Surrounded by a moat, the 14th-century Bodiam Castle looks particularly impressive from the outside even though its interior is in ruins.
The castle was built in 1385 for Sir Edward Dalyngrigge to defend against French invasion during the Hundred Years War. However, it is unusual for a defensive castle to be built so far from the coastline.
The castle was the centre of the manor of Bodiam and was home to the Dalyngrigge family before passing to the Lewknor family who owned the castle up until the 16th century. It is now owned by the National Trust and is open to the public.
What to see at Bodiam Castle
From the outside, it is a particularly impressive looking castle as it is surrounded by a moat which increases its aesthetic appeal and creates the illusion of appearing larger than it actually is. It has been described as one of the best examples of using landscaping to emphasis a castle.
The castle is reached by crossing a bridge over the moat and entering through the three-storey-high gatehouse.
The interior of Bodiam Castle is mostly in ruins but enough survives to give an idea of the internal layout of the castle. There are also some surviving medieval architectural features such as murder holes in the ceiling of the passage through the gatehouse.
There is an area in Castle Cottage with an exhibition about the castle and there is a small cinema in the northeast tower where you can watch a short film about the history of Bodiam Castle.
Visitors can also climb the narrow stone spiral staircase up to the battlements where you are rewarded with lovely views of the castle interior and the surrounding countryside, which includes views of the River Rother valley.
Visiting Bodiam Castle
Bodiam Castle is located in the small village of Bodiam. The easiest way to get here is by public transport is by Stagecoach bus route 349, which runs every two hours between Hastings and Hawkhurst. The bus stops right near the main entrance.
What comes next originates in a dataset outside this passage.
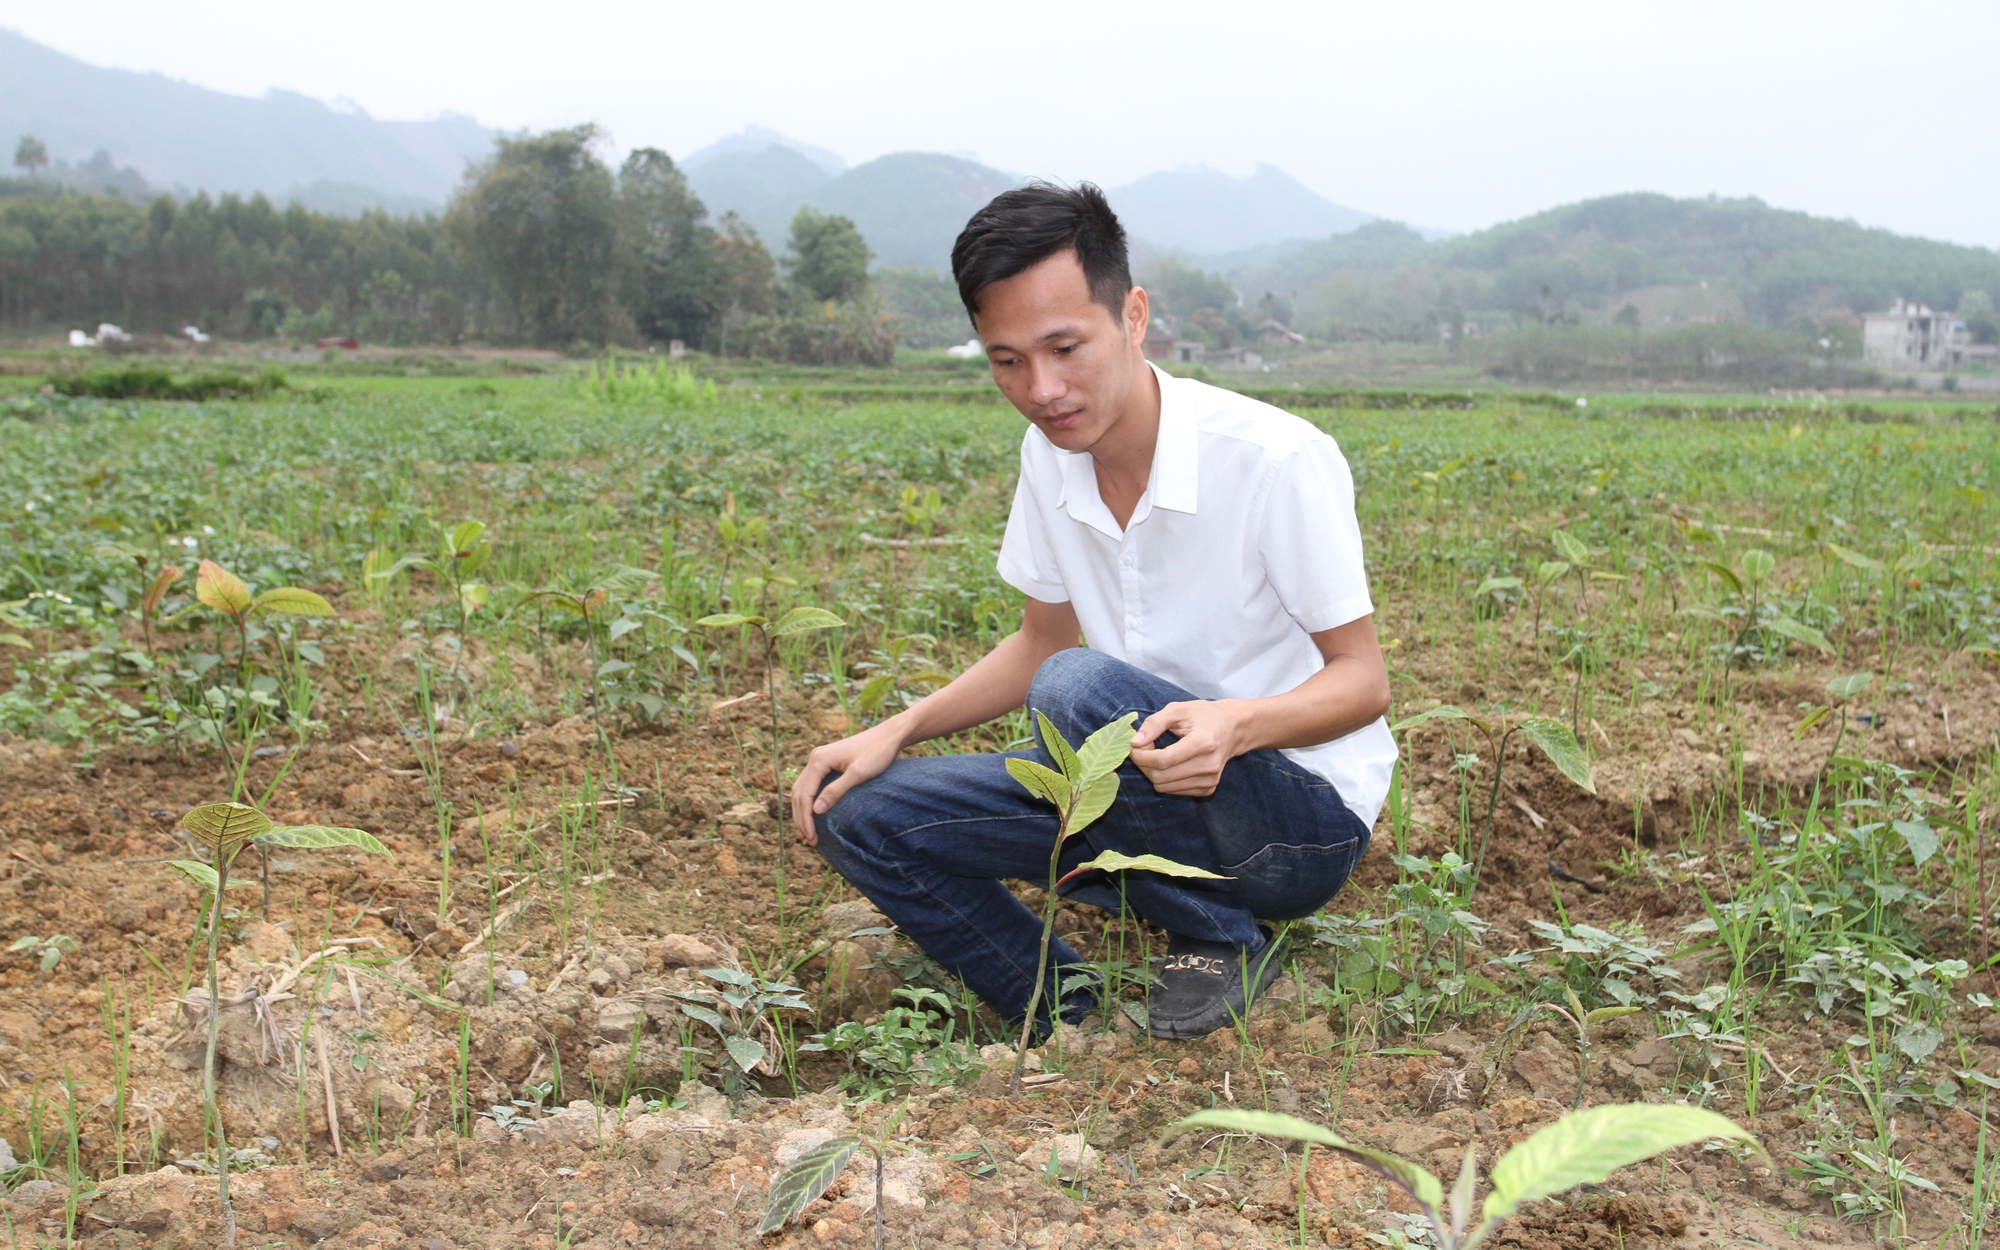 Đam mê trồng cây thuốc quý, 9X Thái Nguyên bỏ việc nhẹ lương cao về quê làm dược liệu OCOP

You can also get here via heritage steam trains operated by the Kent and East Sussex Railway, which runs from Tenterden in Kent. This is a popular option that is an enjoyable way to get here, however, you first need to get to Tenterden, which has direct bus connections with Ashford, Hastings, Maidstone and Rye. Bodiam railway station is south of the village but only a six-minute walk from the main entrance to the castle complex.
Car parking is available for £4 (free for National Trust members).
The castle is operated by the National Trust and National Trust members can visit free of charge.
There is a tea room and a cafe on site, which both serve food and drinks and there are also picnic tables outside the tea room where you can eat your own food. Alternatively, you can get something to eat and drink at the Castle Inn pub across the road from the main entrance.
Although an effort is made to cater to visitors with reduced mobility, the nature of the 14th-century building means that it is not fully wheelchair accessible. Wheelchair users are not able to visit the tower and some gravel paths on the site may be difficult to get around by wheelchair and there are steps to some rooms inside the castle. However, there is wheelchair access to the exhibition area, the room where the “History of Bodiam” film is shown as well as the castle courtyard, the tea room, the gift shop and cafe.